Different types of 3D display technology are known, including stereoscopic and true 3D displays. Stereoscopic displays present different 2D views of a displayed environment to the viewer's left and right eyes, thereby providing the viewer with stereo parallax information about the environment. Some stereoscopic displays require the viewer to use eyewear (e.g., shutter glasses, polarization glasses, etc.) adapted to present one view of the displayed environment to the viewer's left eye and another view of the displayed environment to the viewer's right eye. By contrast, autostereoscopic displays present different views of an environment to the viewer's left and right eyes without requiring the viewer to use eyewear. For example, an autostereoscopic display may use a parallax barrier or a lenticular lens to divide the display's pixels into a first set of pixels visible to the viewer's left eye and a second set of pixels visible to the viewer's right eye, with the first set of pixels displaying a view of an environment from a first viewpoint, and the second set of pixels displaying a view of the environment from a second viewpoint. Some autostereoscopic displays use head-tracking and/or eye-tracking to locate the viewer's head and/or eyes and to adjust the display so that the views of the environment are continually directed to the viewer's eyes even as the viewer's head moves.

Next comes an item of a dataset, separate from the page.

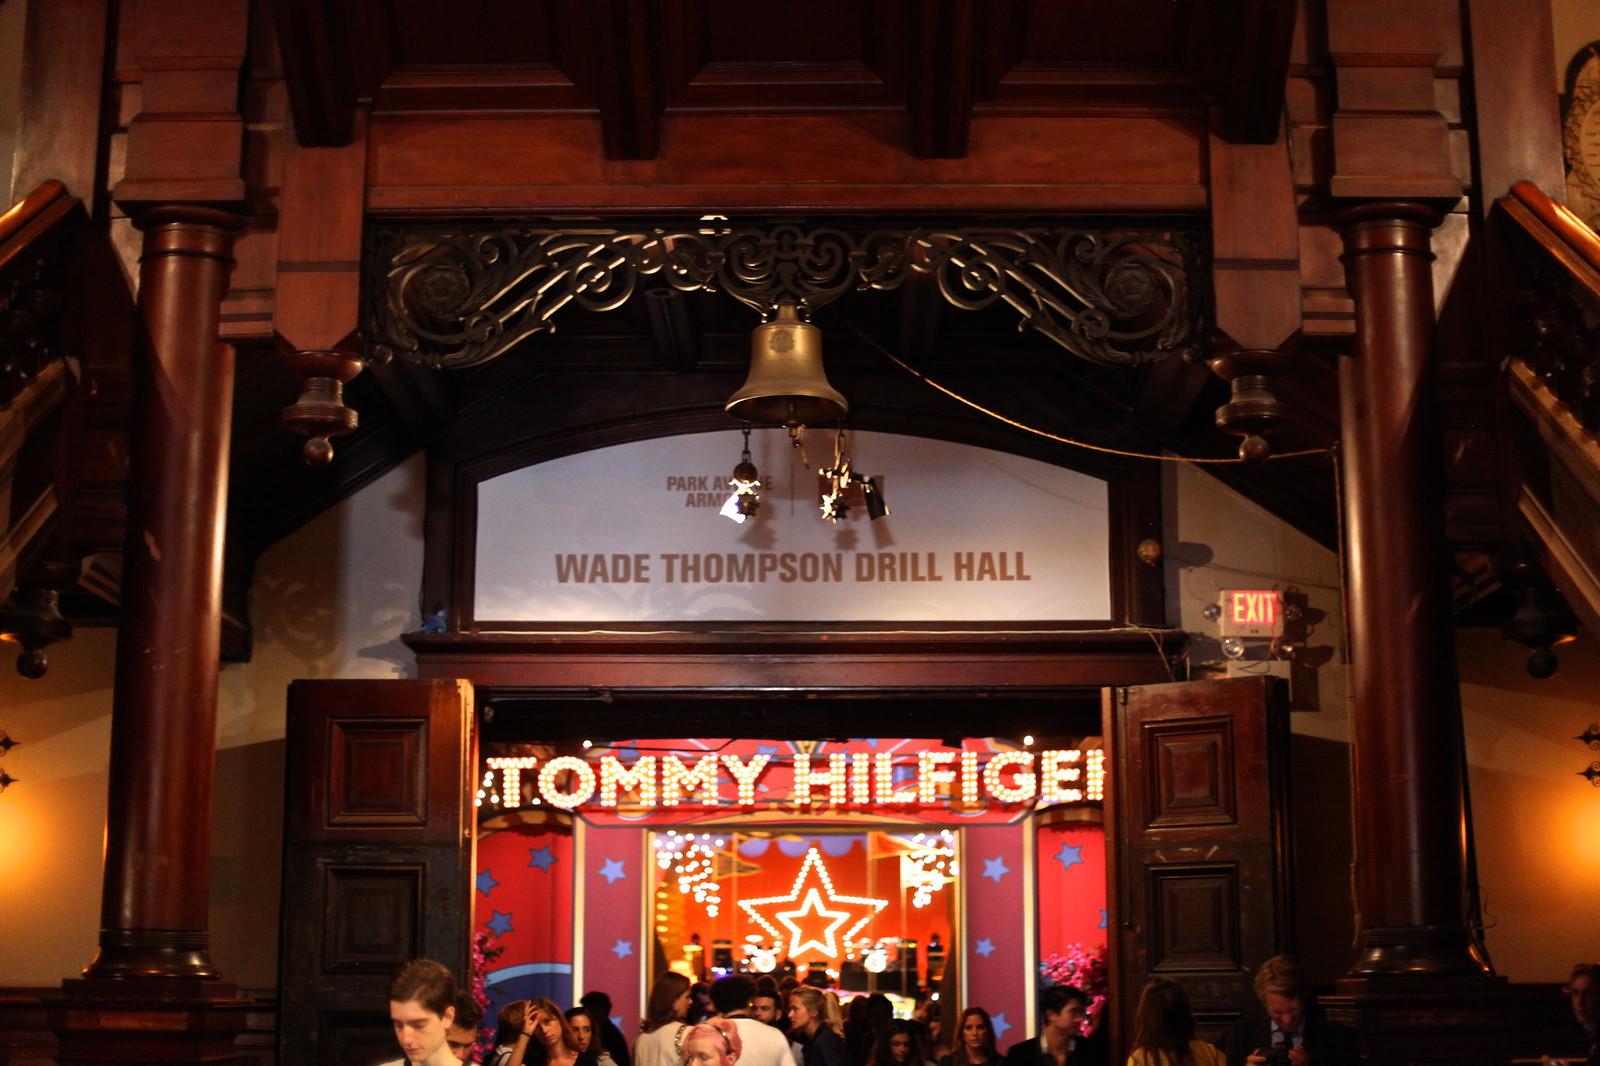 Tommy_hilfiger_show_manlul

An overview of autostereoscopic display technology is given by N. A. Dodgson in Autostereoscopic 3D Displays, IEEE Computer (August 2005), pp. 31-36.
In contrast to stereoscopic displays, which use 2D images to generate stereo parallax, true 3D displays actually display an image in three full dimensions. Examples of true 3D display technology include holographic displays, volumetric displays, integral imaging arrays, and compressive light field displays.